The failure of the pro-life movement, then, is represented in the fact that I - a faithful church-goer for many years, a consumer of Catholic media, an alumnus of an orthodox Catholic college - still believed that our fight was primarily political and that I personally could contribute nothing meaningful to it, and that until Fr. Rick, no one I know had ever asked me personally to engage or shown me how. Again, I'm just one person, but I am not alone in this experience.

Recently I've begun talking to other pro-life activists, reading the various websites of pro-life groups, and signing up for their emails. My universal experience in finding and reading these new pro-life websites is discouraging. Let's start with Google, as most internet users do. When I google "how to join pro life", the top result (and the only good one) is a 2011 web page from the Susan B. Anthony list, listing ten ways to engage. At the end of reading through that list, I feel overwhelmed and discouraged. The other results on Google are much worse - they're various pro-life groups, asking me to either donate to them or sign up for their emails, without connecting me to any of the other important pro-life groups or giving me online resources that would help me engage in more meaningful ways.
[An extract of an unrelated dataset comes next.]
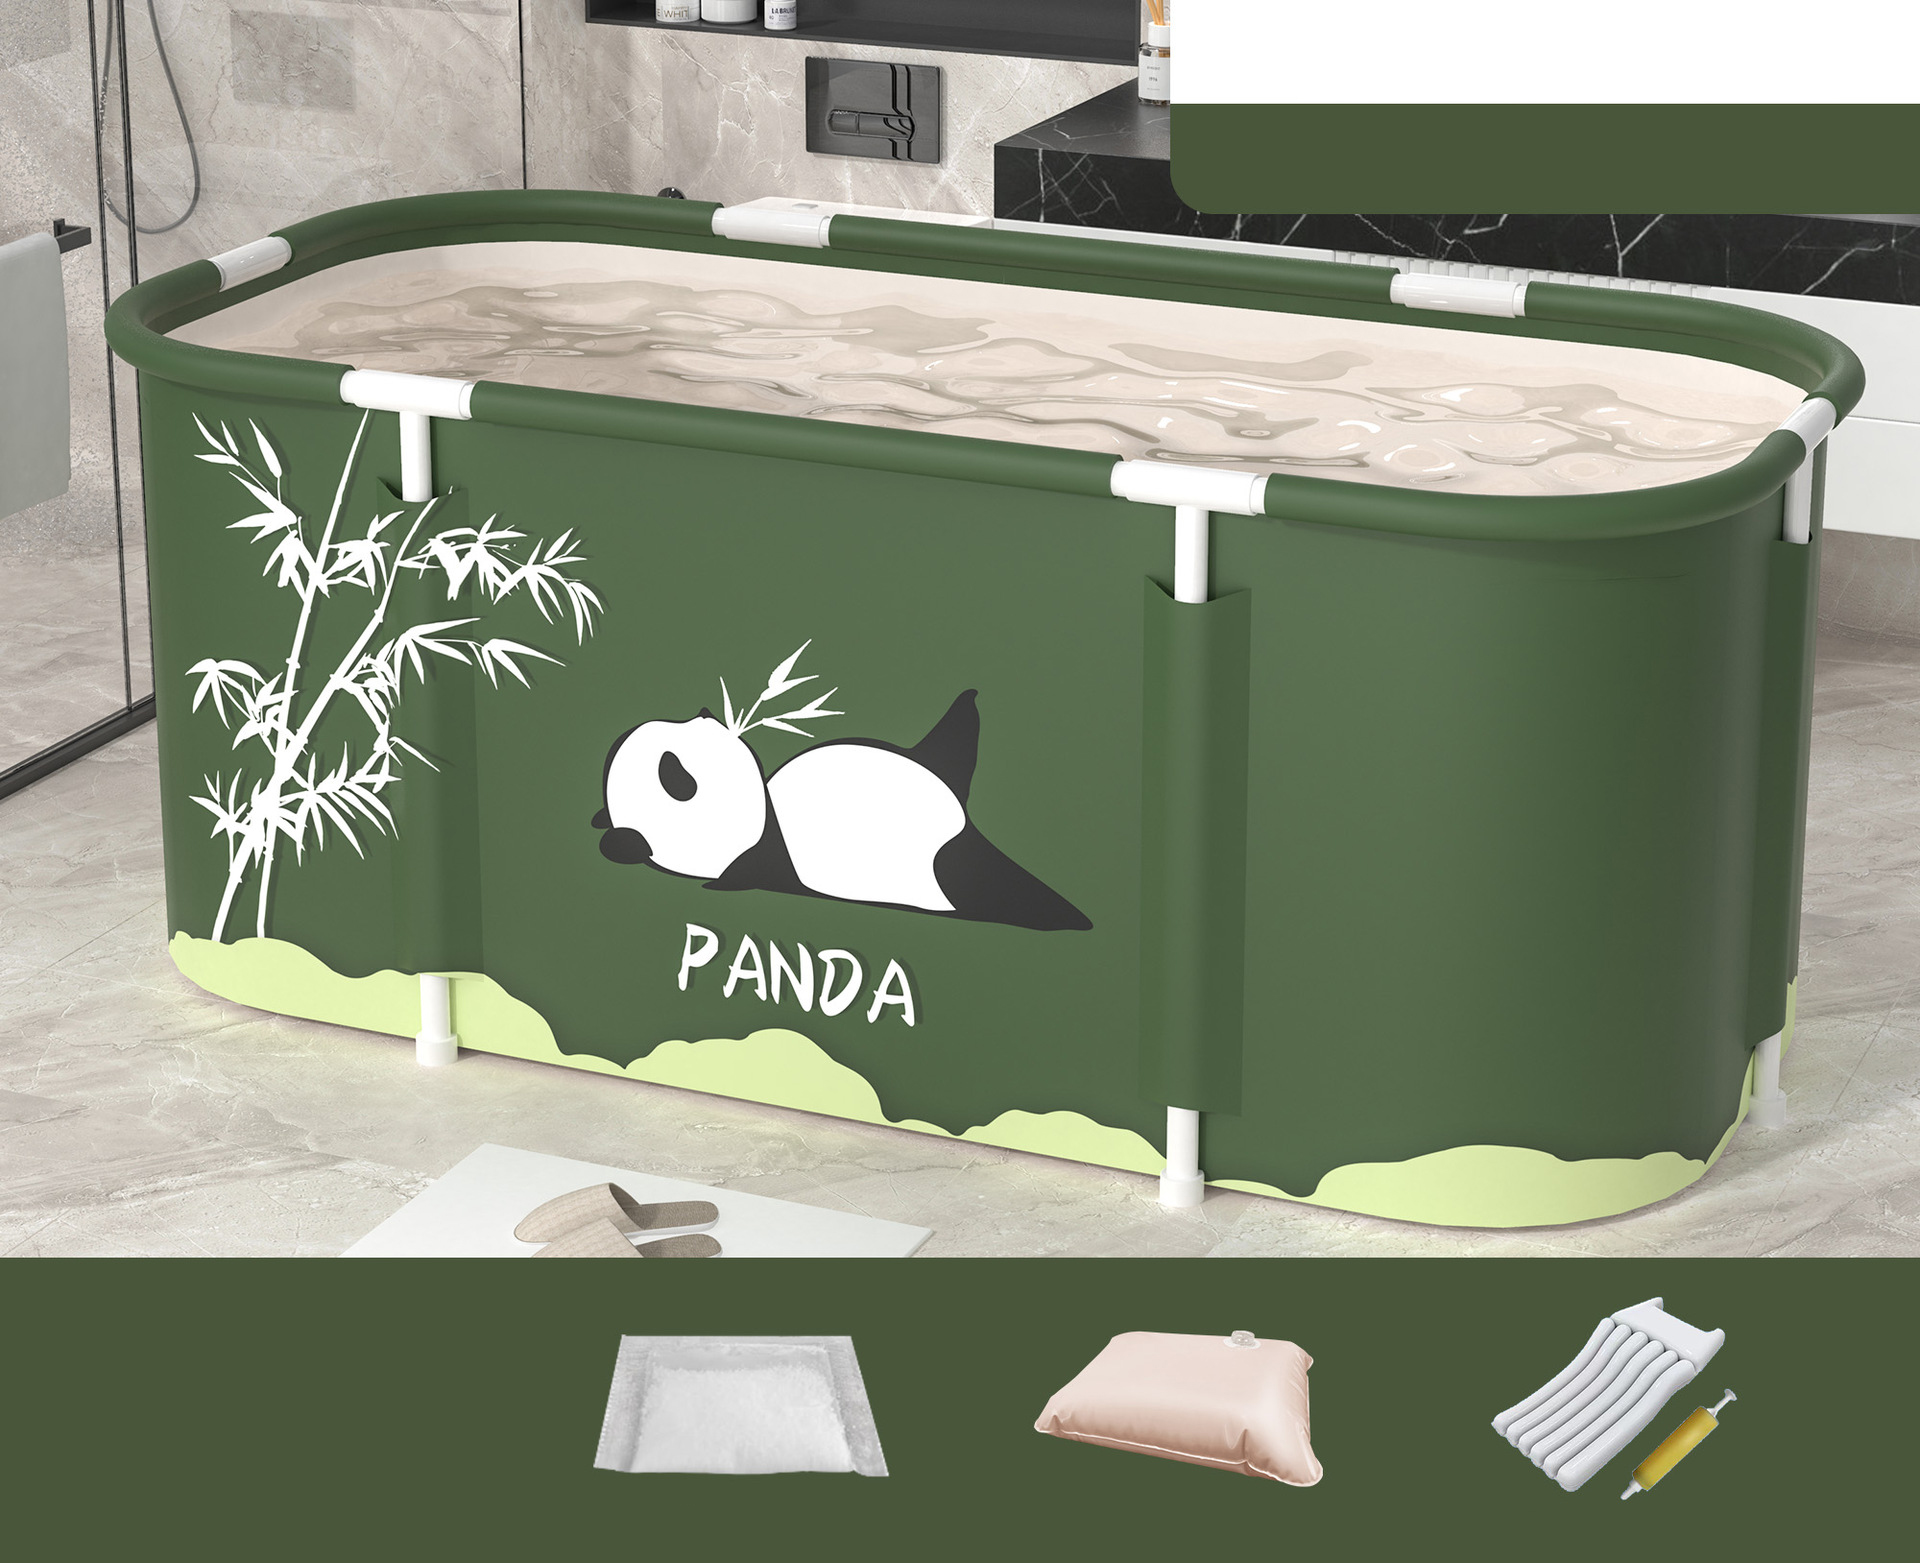 Panda  Set 1: Standard cushion Pump

For instance, I'm not being directed to resources on how to run for office, how to protest effectively at an abortion clinic, etc.

I've learned lately in talking to more seasoned pro-life activists that the movement rightly identifies part of its failure as only preaching to the choir; its message is not reaching the broader public. Most of the activists think the solution is to try harder to get the message out to the broader public. I disagree. I say that while the pro-life movement has only been preaching to the choir, they have been preaching to the choir poorly, because they are preaching to the choir with a message intended for the broader public. I say, let's preach to the choir well. That means changing the message (which is easy) instead of changing the audience (which is hard) in order to solve the two problems I listed above, that have kept me and many others from engaging meaningfully.